Post-training quantization (PTQ)

What's This Example Folder About?

This folder demonstrates how the Model Optimizer does PTQ quantization on an LLM and deploys the quantized LLM with TensorRT-LLM.

This document introduces:

The scripts to quantize, convert and evaluate LLMs,
The Python code and APIs to quantize and deploy the models.

If you are interested in quantization-aware training (QAT) for LLMs, please refer to the QAT README.

Model Quantization and TRT LLM Conversion

All-in-one Scripts for Quantization and Building

There are many quantization schemes supported in the example scripts:

The FP8 format is available on the Hopper and Ada GPUs with CUDA compute capability greater than or equal to 8.9.
The INT8 SmoothQuant, developed by MIT HAN Lab and NVIDIA, is designed to reduce both the GPU memory footprint and inference latency of LLM inference.
The INT4 AWQ is an INT4 weight only quantization and calibration method. INT4 AWQ is particularly effective for low batch inference where inference latency is dominated by weight loading time rather than the computation time itself. For low batch inference, INT4 AWQ could give lower latency than FP8/INT8 and lower accuracy degradation than INT8.
The W4A8 AWQ is an extension of the INT4 AWQ quantization that it also uses FP8 for activation for more speed up and acceleration.

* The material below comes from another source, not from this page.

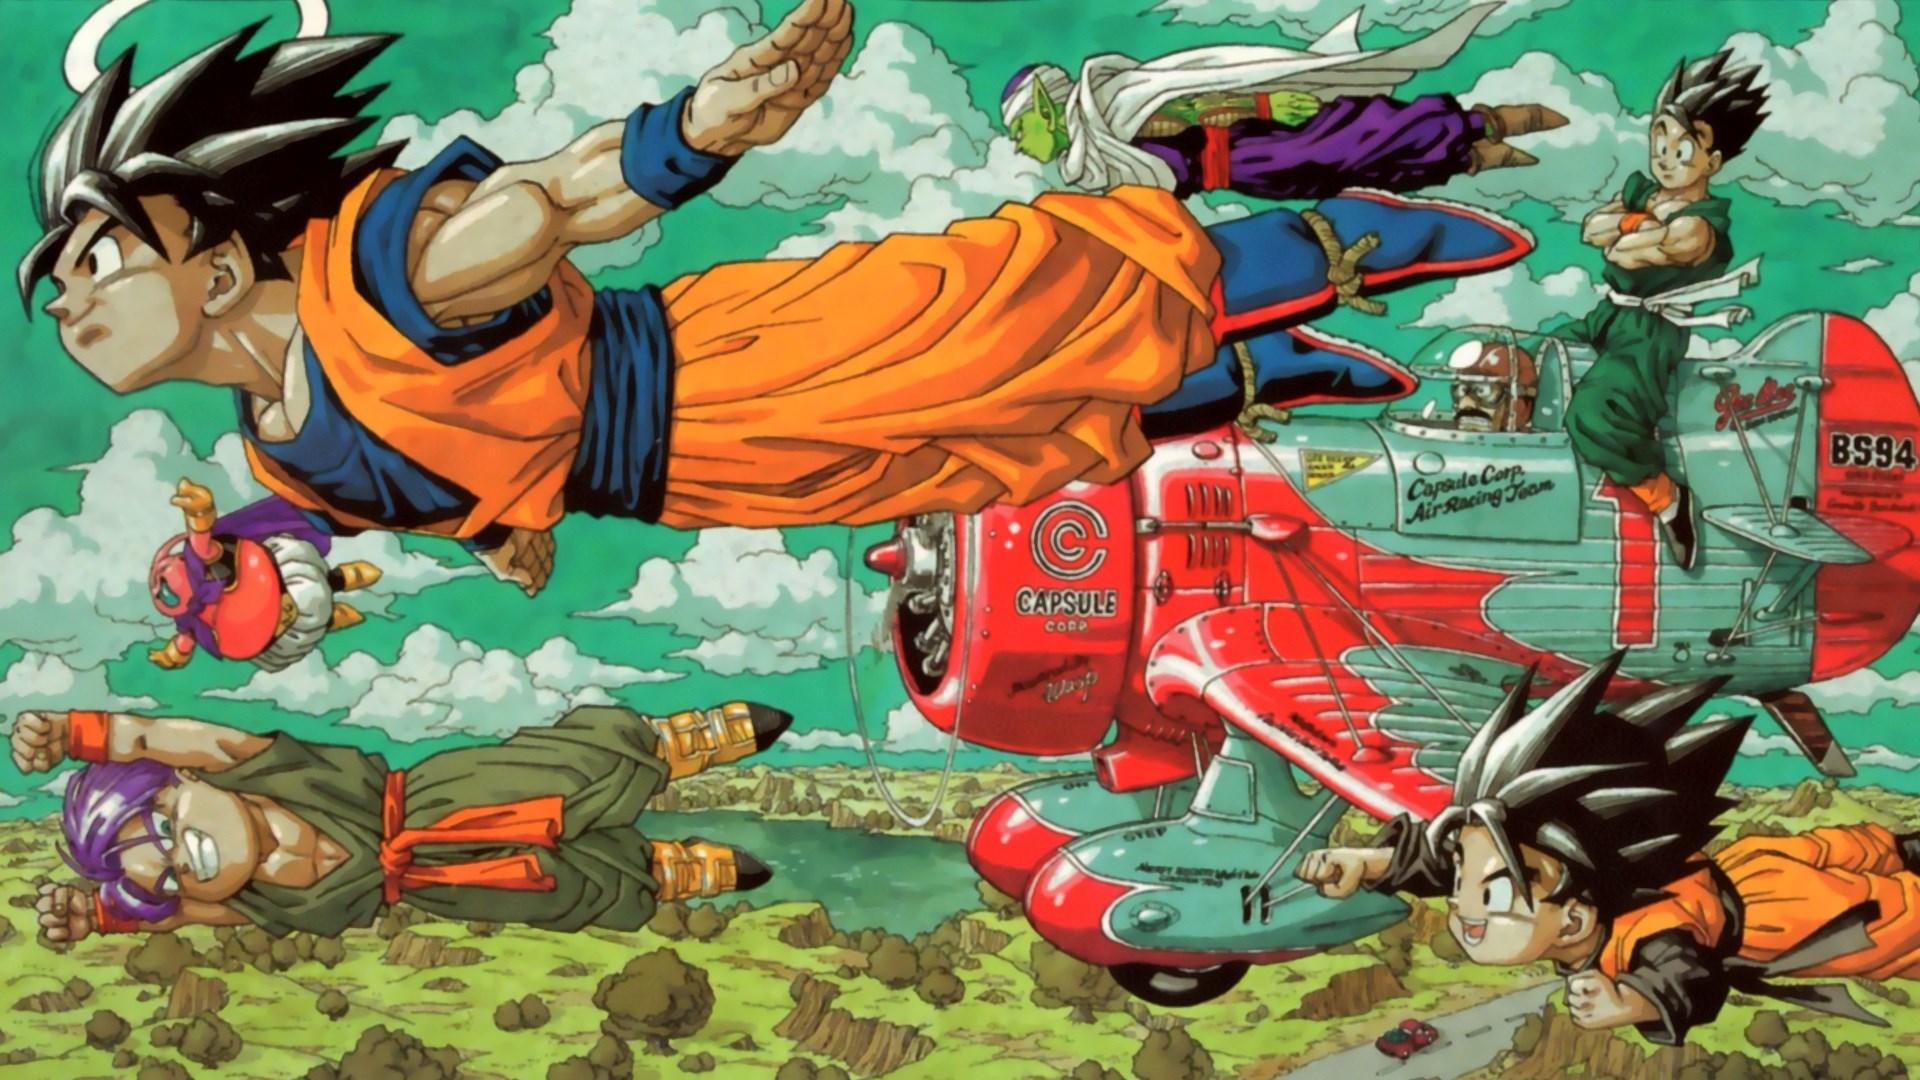 Dragon Ball Z HD Wallpapers 1920x1080

The following scripts provide an all-in-one and step-by-step model quantization example for Llama-3, NeMo Nemotron, and Megatron-LM models. The quantization format and the number of GPUs will be supplied as inputs to these scripts. By default, we build the engine for the fp8 format and 1 GPU.

cd <this example folder>

For the Hugging Face models:

For LLM models like Llama-3:

# Install model specific pip dependencies if needed

export HF_PATH=<the downloaded LLaMA checkpoint from the Hugging Face hub, or simply the model card>
scripts/huggingface_example.sh --model $HF_PATH --quant [fp8|int8_sq|int4_awq|w4a8_awq] --tp [1|2|4|8]

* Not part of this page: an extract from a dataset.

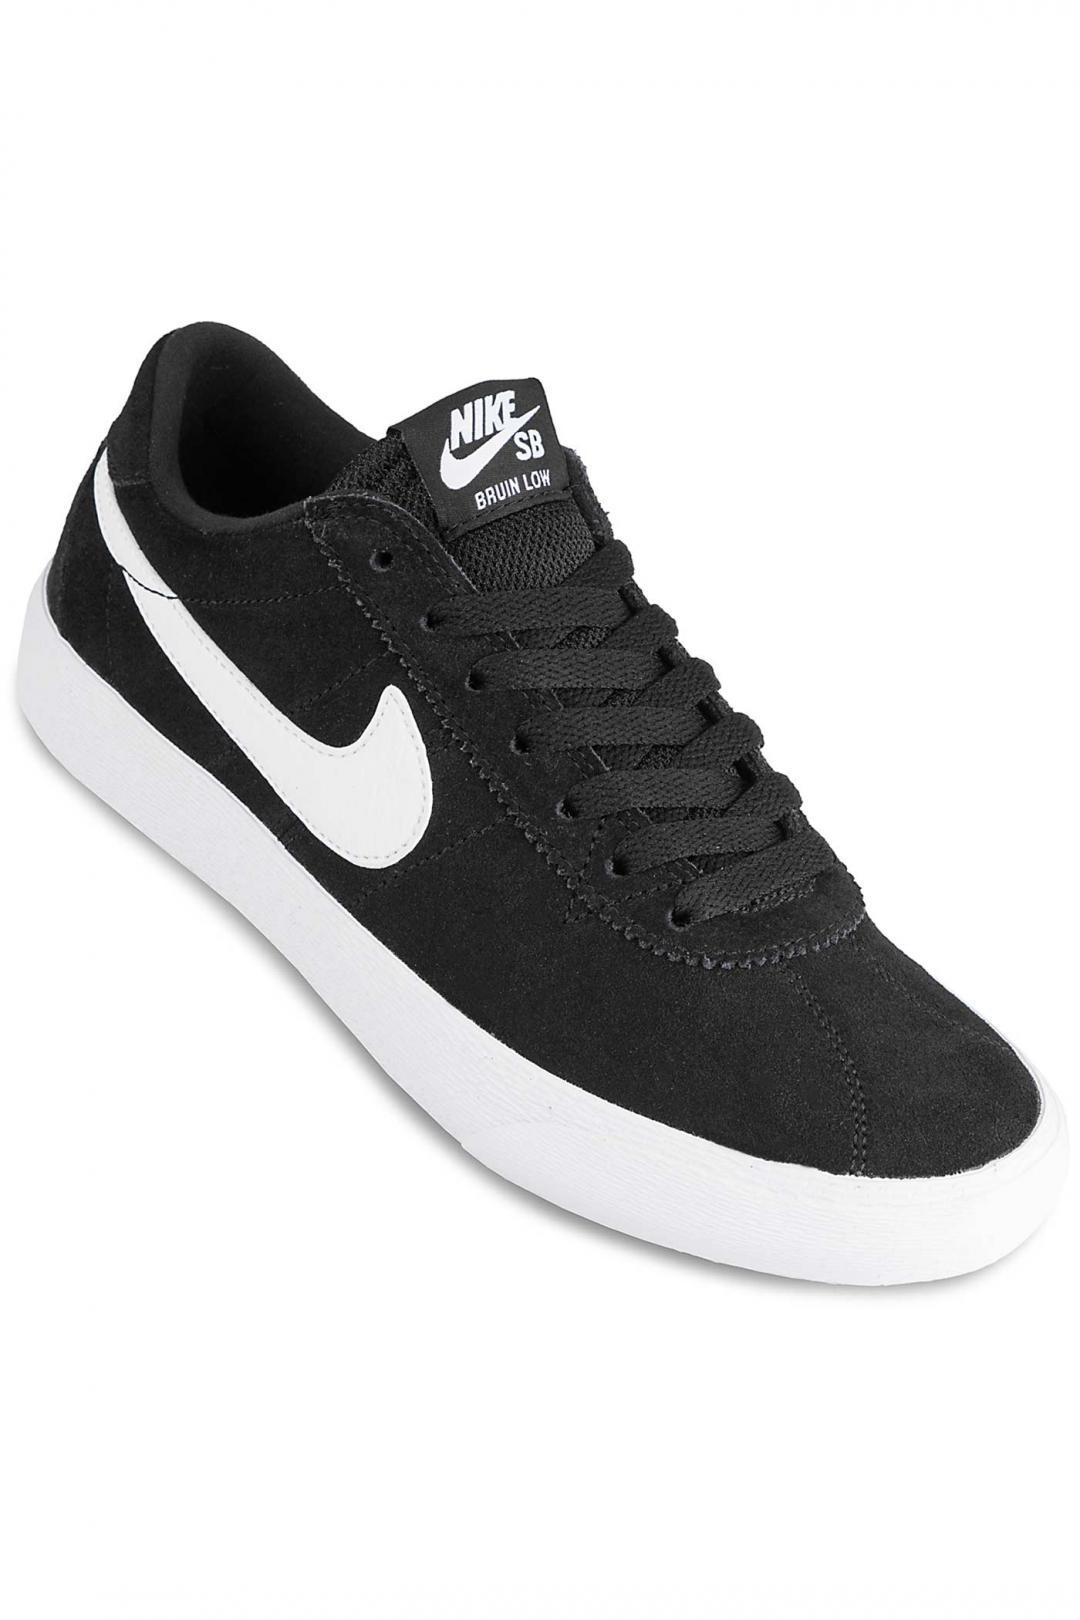 Donna Nike SB Bruin Lo black white | Sneaker

If the Huggingface model calibration fails on a multi-GPU system due to mismatched tensor placement, please try setting CUDA_VISIBLE_DEVICES to a smaller number.

FP8 calibration over a large model with limited GPU memory is not recommended but possible with the accelerate package. Please tune the device_map setting in example_utils.py if needed for model loading and the calibration process can be slow.

Huggingface models trained with modelopt.torch.speculative can be used as regular Huggingface models in PTQ.

For NeMo models like nemotron:

NeMo PTQ requires the NeMo package installed. It's recommended to start from the NeMo containers like nvcr.io/nvidia/nemo:24.07 or latest nvcr.io/nvidia/nemo:dev directly.

# Inside the NeMo container:
# Download the nemotron model from the Hugging Face.
export GPT_MODEL_FILE=Nemotron-3-8B-Base-4k.nemo

# Reinstall latest modelopt and build the extensions if not already done.
pip install -U "nvidia-modelopt[torch]" --extra-index-url https://pypi.nvidia.com
python -c "import modelopt.torch.quantization.extensions as ext; ext.precompile()"

scripts/nemo_example.sh --type gpt --model $GPT_MODEL_FILE --quant [fp8|int8_sq|int4_awq] --tp [1|2|4|8]

If the TensorRT-LLM version in the NeMo container is older than the supported version, please continue building TRT-LLM engine with the docker.io/library/modelopt_examples:latest container built in the ModelOpt docker build step. Additionally you would also need to pip install megatron-core "nemo-toolkit[all]" --extra-index-url https://pypi.nvidia.com to install required NeMo dependencies

For Megatron-LM models:

Megatron-LM framework PTQ and TensorRT-LLM deployment examples are maintained in the Megatron-LM GitHub repo. Please refer to the examples here.

If GPU out-of-memory error is reported running the scripts, please try editing the scripts and reducing the max batch size of the TensorRT-LLM engine to save GPU memory.

The example scripts above also have an additional flag --tasks, where the actual tasks run in the script can be customized. The allowed tasks are build,mmlu,humaneval,benchmark,lm_eval specified in the script parser. The tasks combo can be specified with a comma-separated task list. Some tasks like mmlu, humaneval can take a long time to run. To run lm_eval tasks, please also specify the --lm_eval_tasks flag with comma separated lm_eval tasks here.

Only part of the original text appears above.